Give back all of the data exactly, with every picture omitted.

» **GIVEN INFORMATION**
# # # #
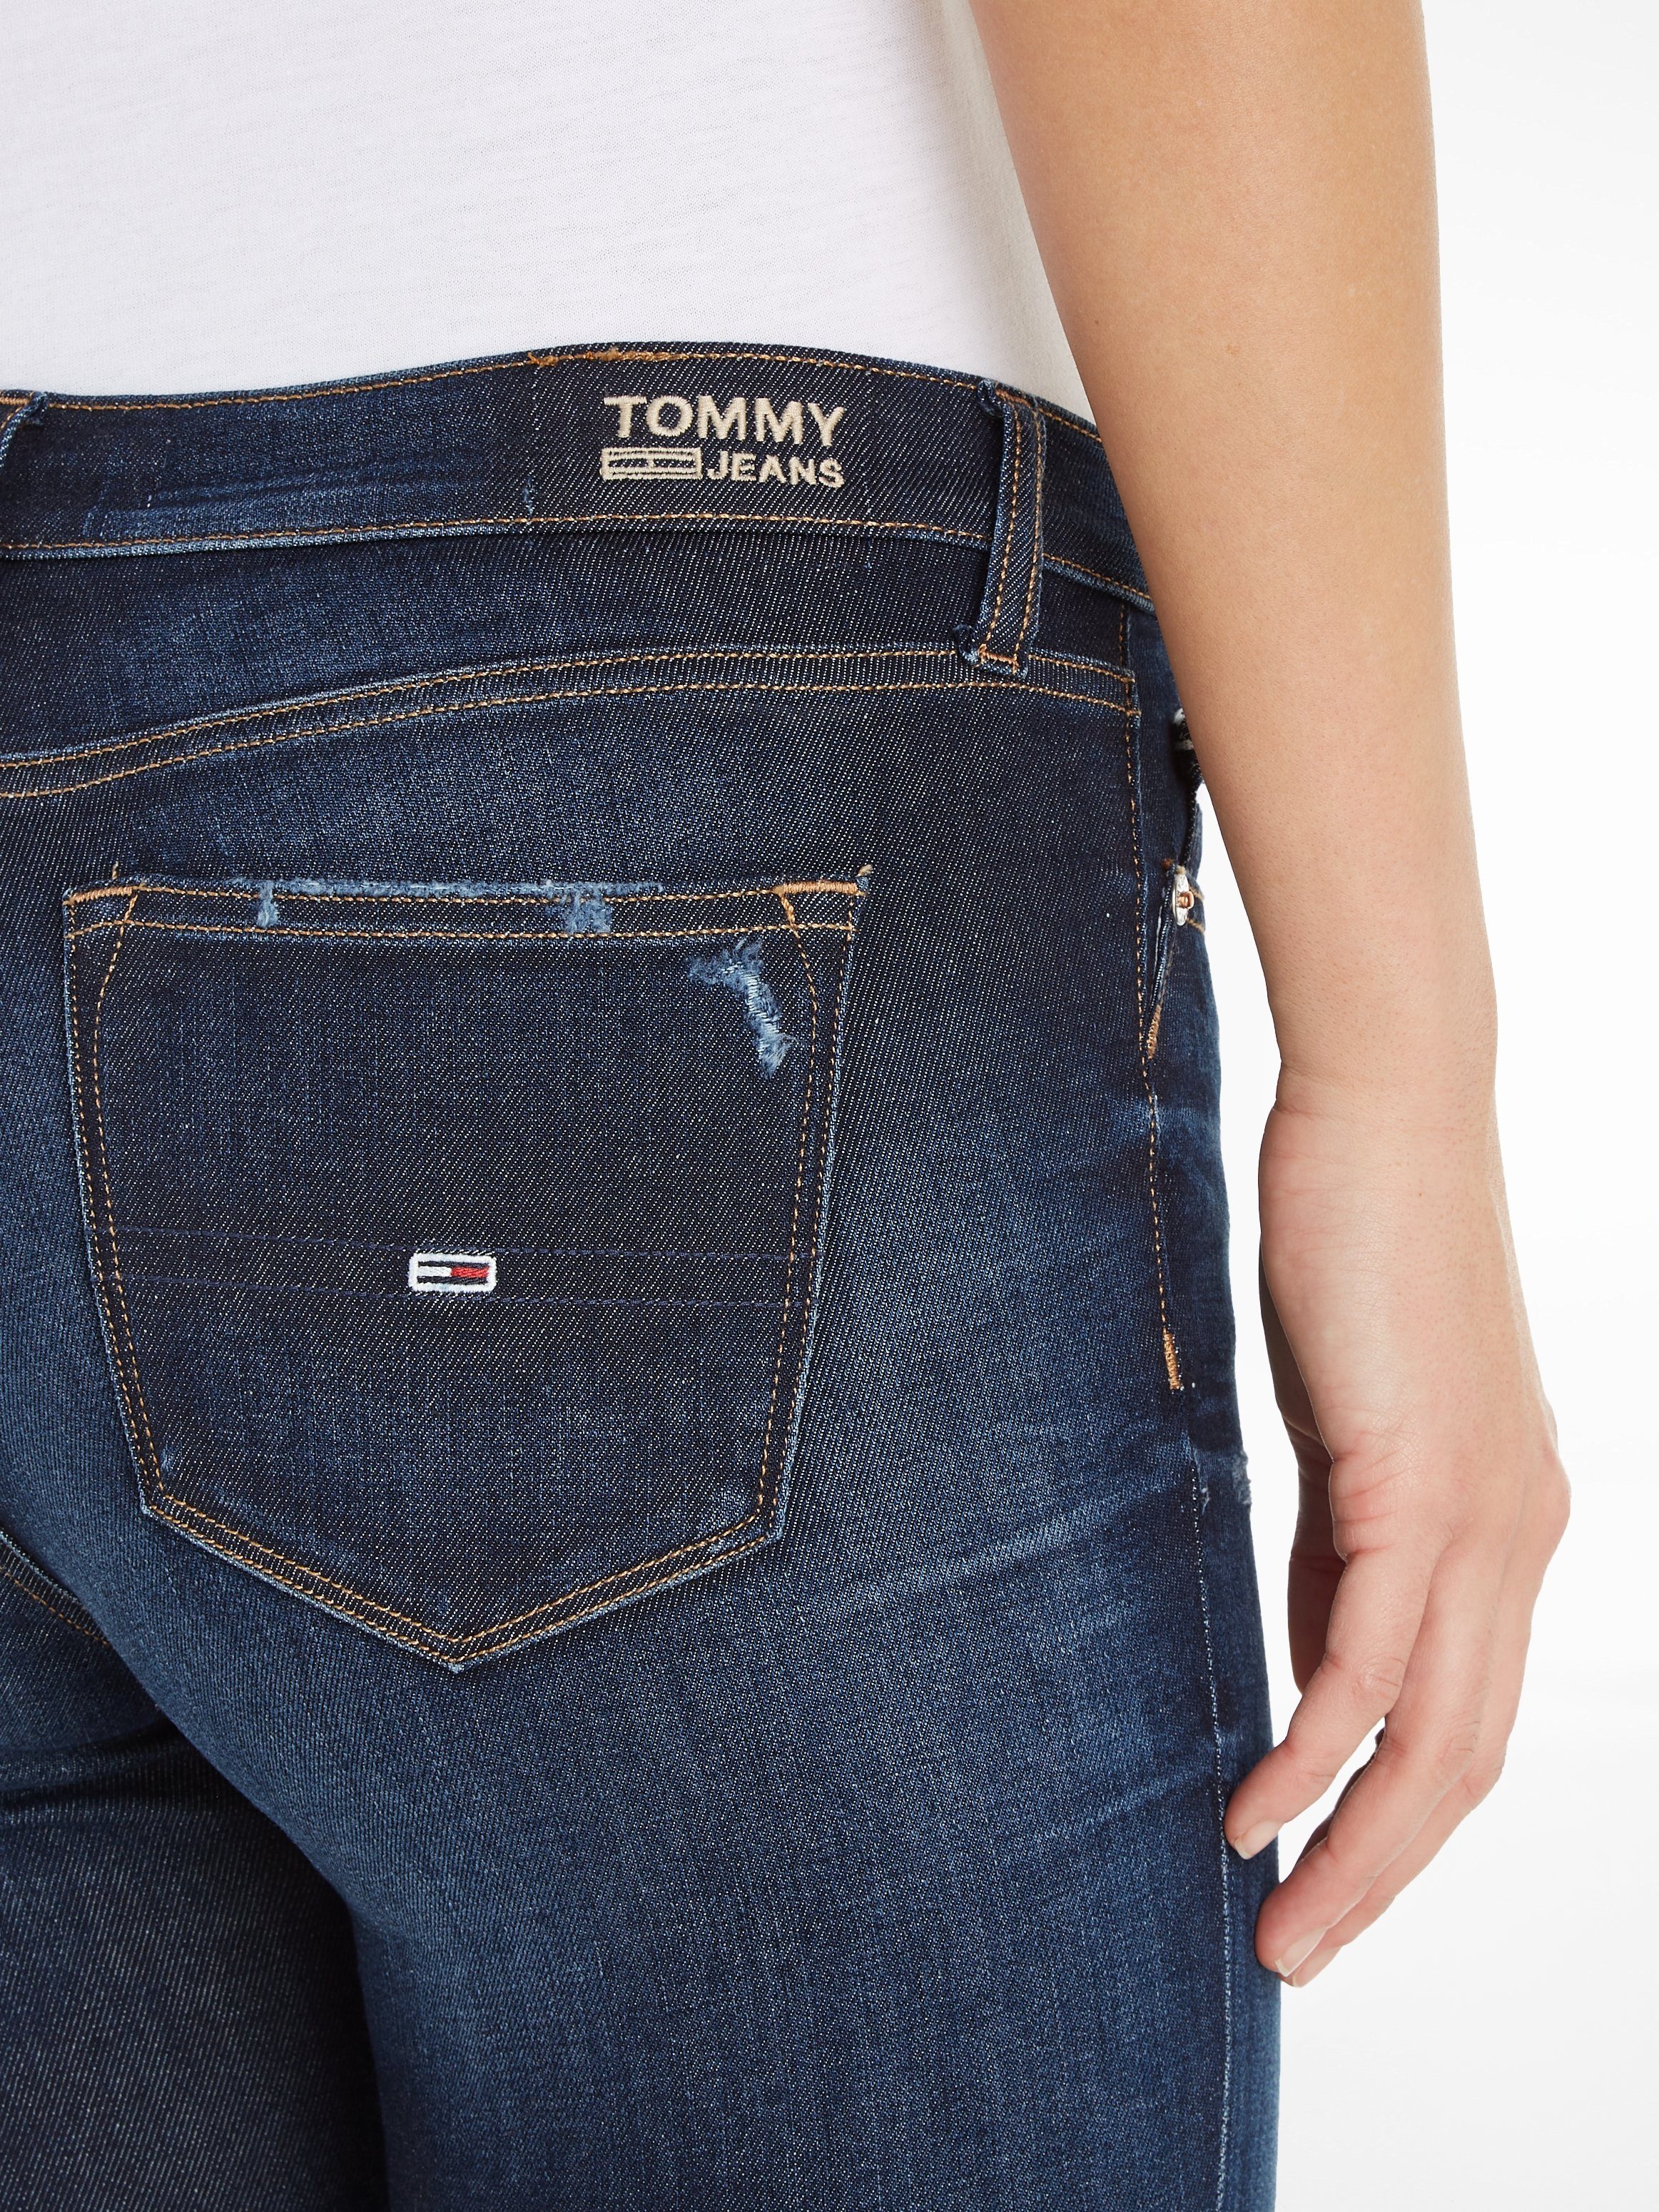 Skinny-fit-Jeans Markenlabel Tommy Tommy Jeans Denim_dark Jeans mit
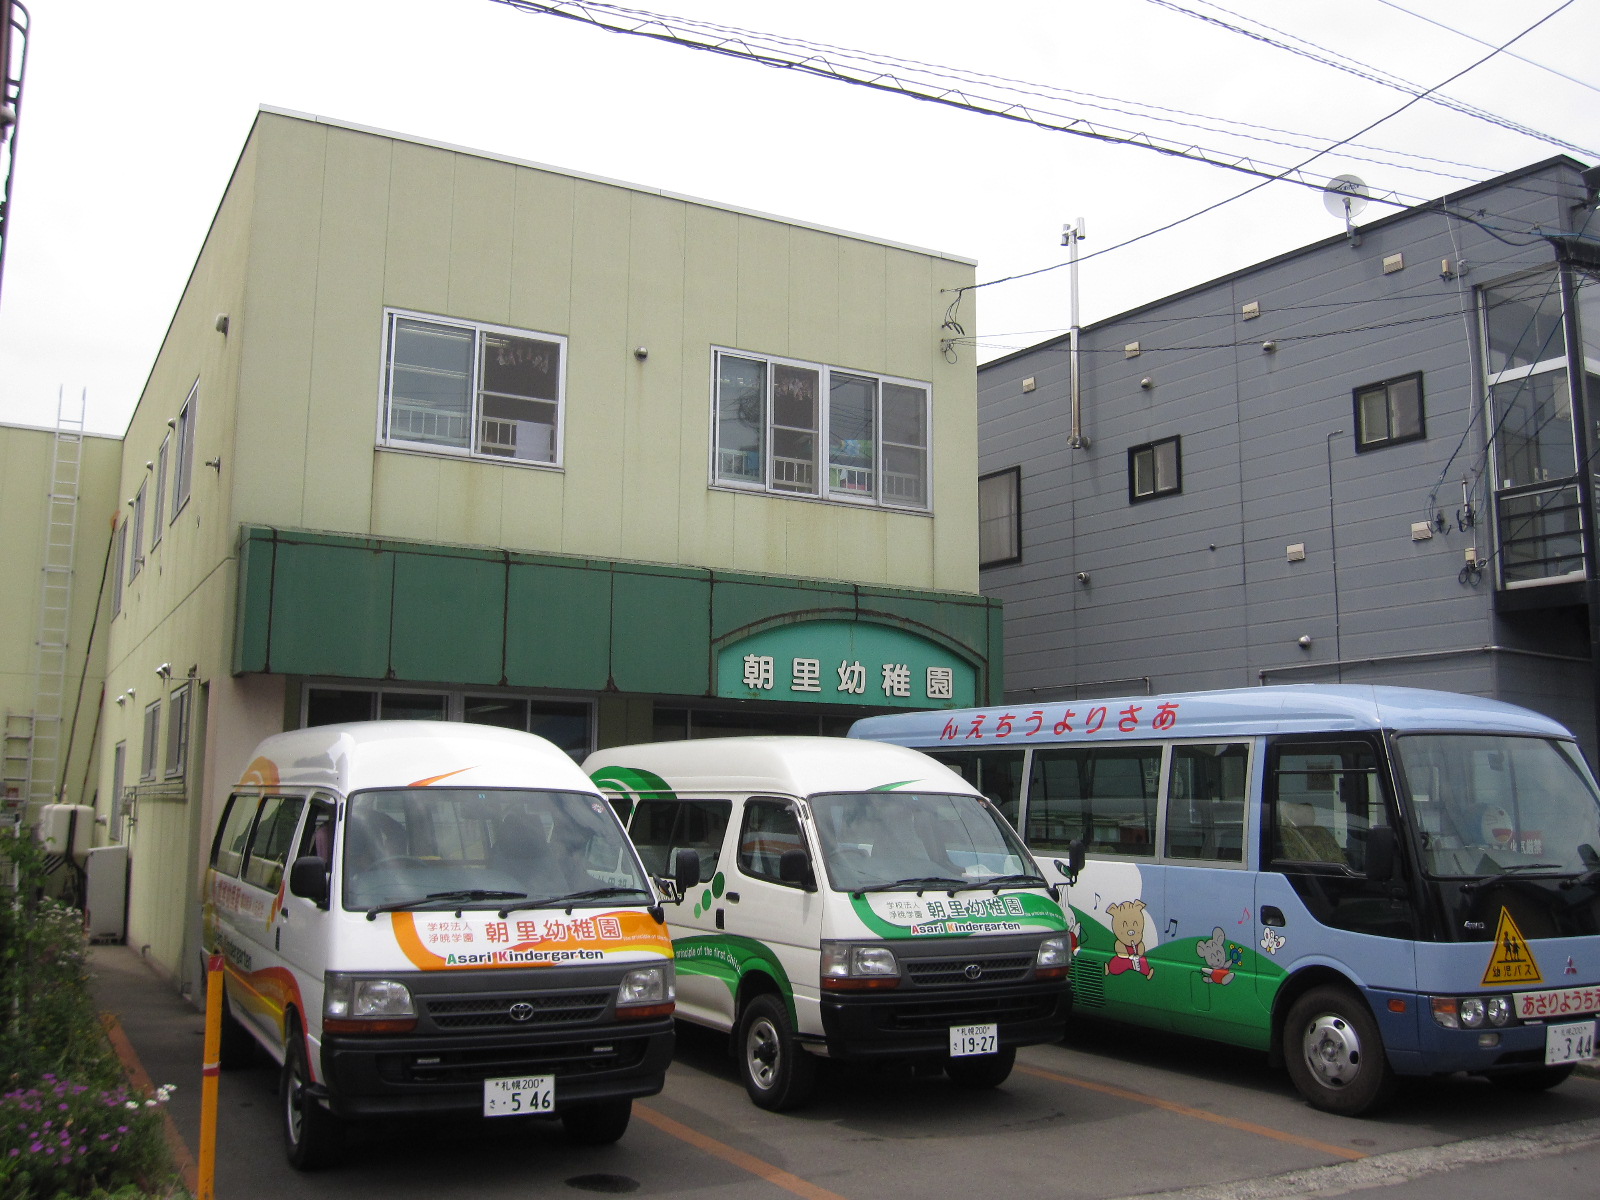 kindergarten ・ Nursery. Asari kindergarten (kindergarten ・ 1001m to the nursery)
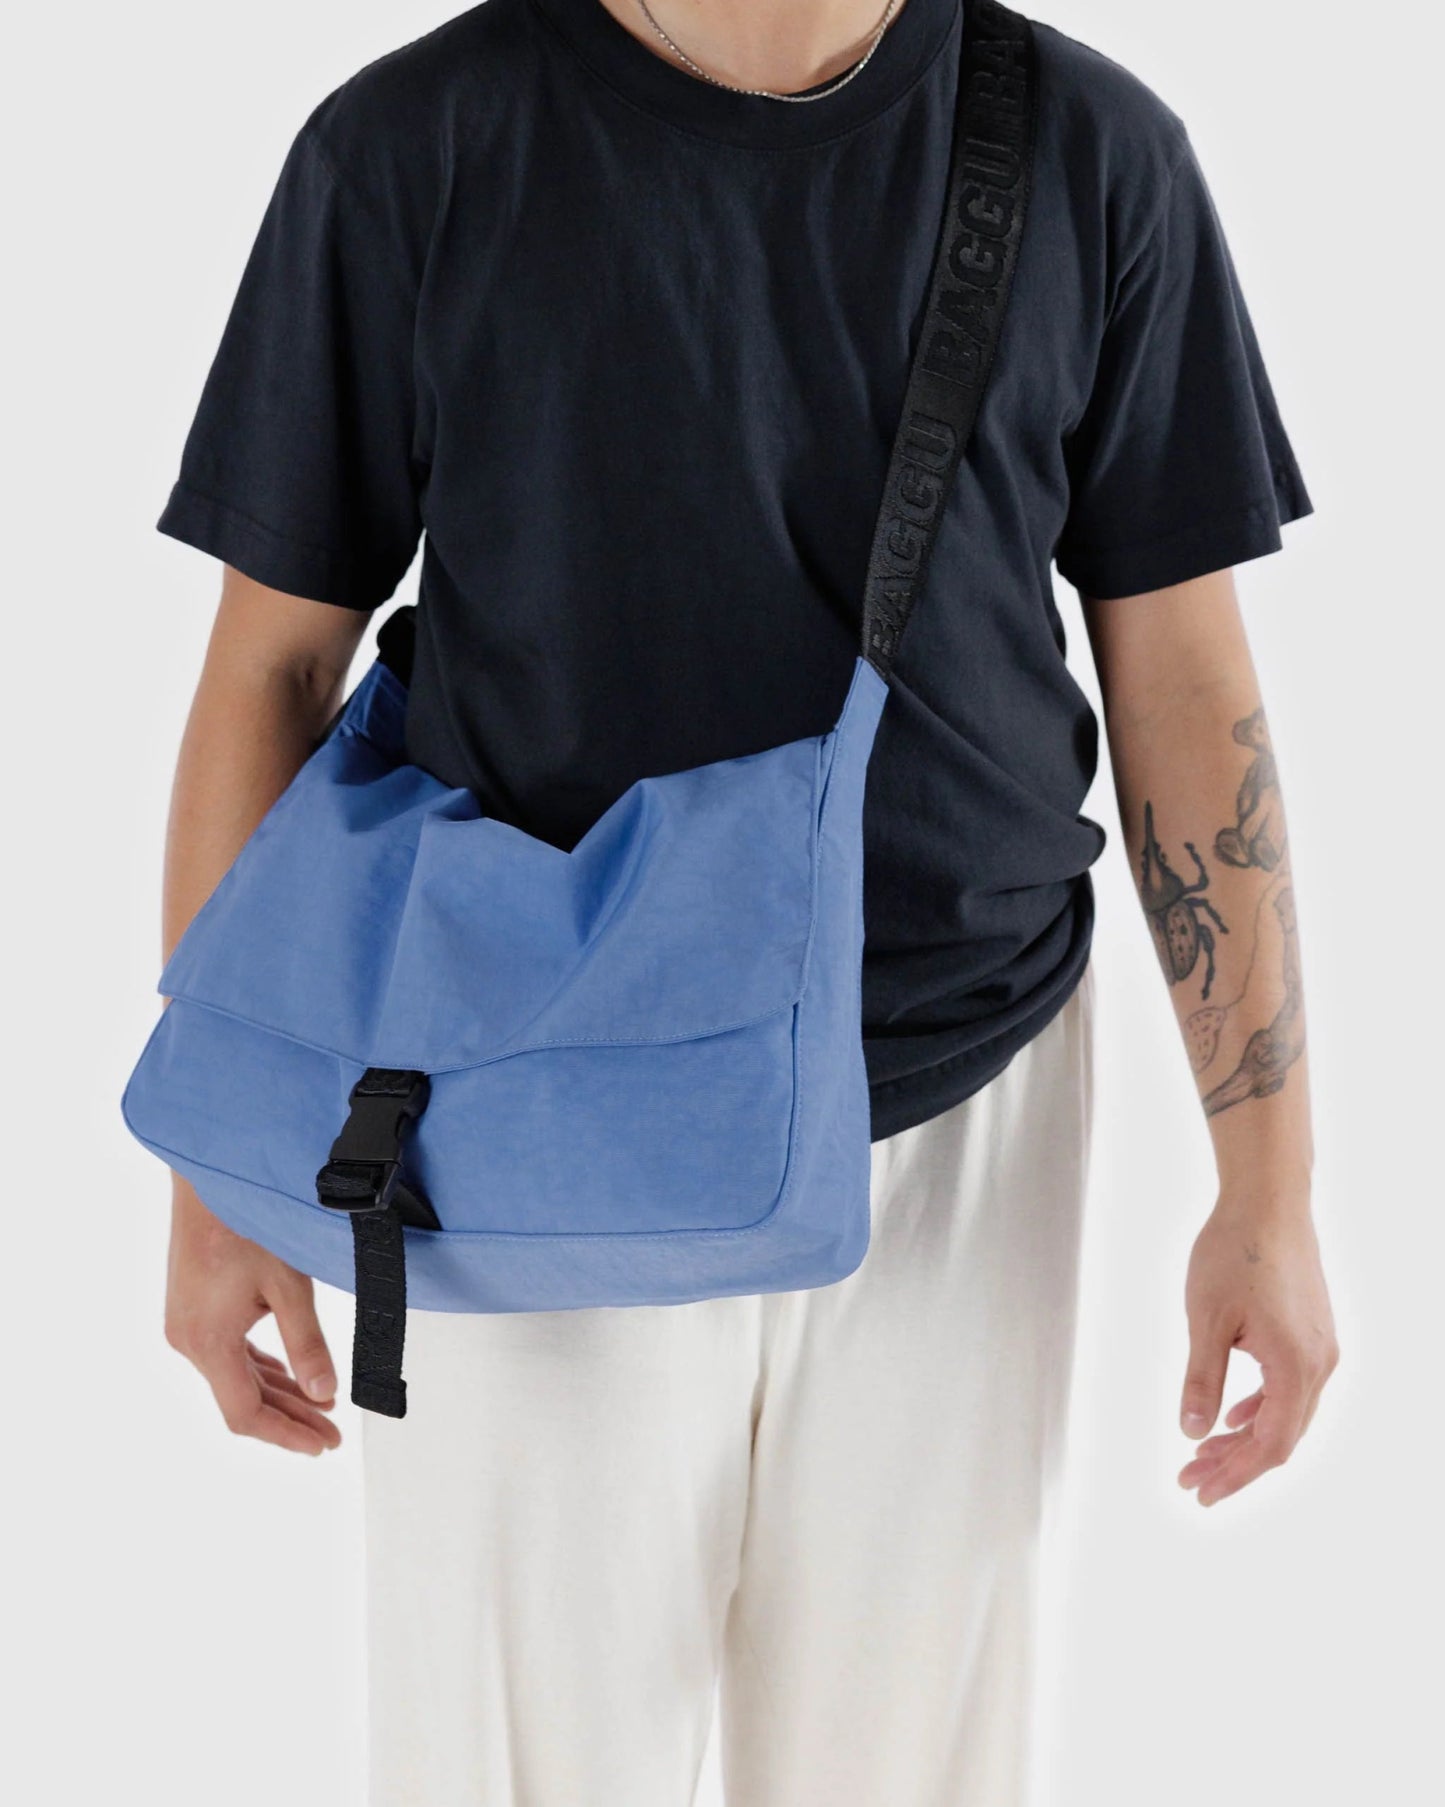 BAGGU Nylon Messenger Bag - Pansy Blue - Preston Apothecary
# # # #
» **ANSWER AREA**
 Skinny-fit-Jeans Markenlabel Tommy Tommy Jeans Denim_dark Jeans mit
 kindergarten ・ Nursery. Asari kindergarten (kindergarten ・ 1001m to the nursery)
 BAGGU Nylon Messenger Bag - Pansy Blue - Preston Apothecary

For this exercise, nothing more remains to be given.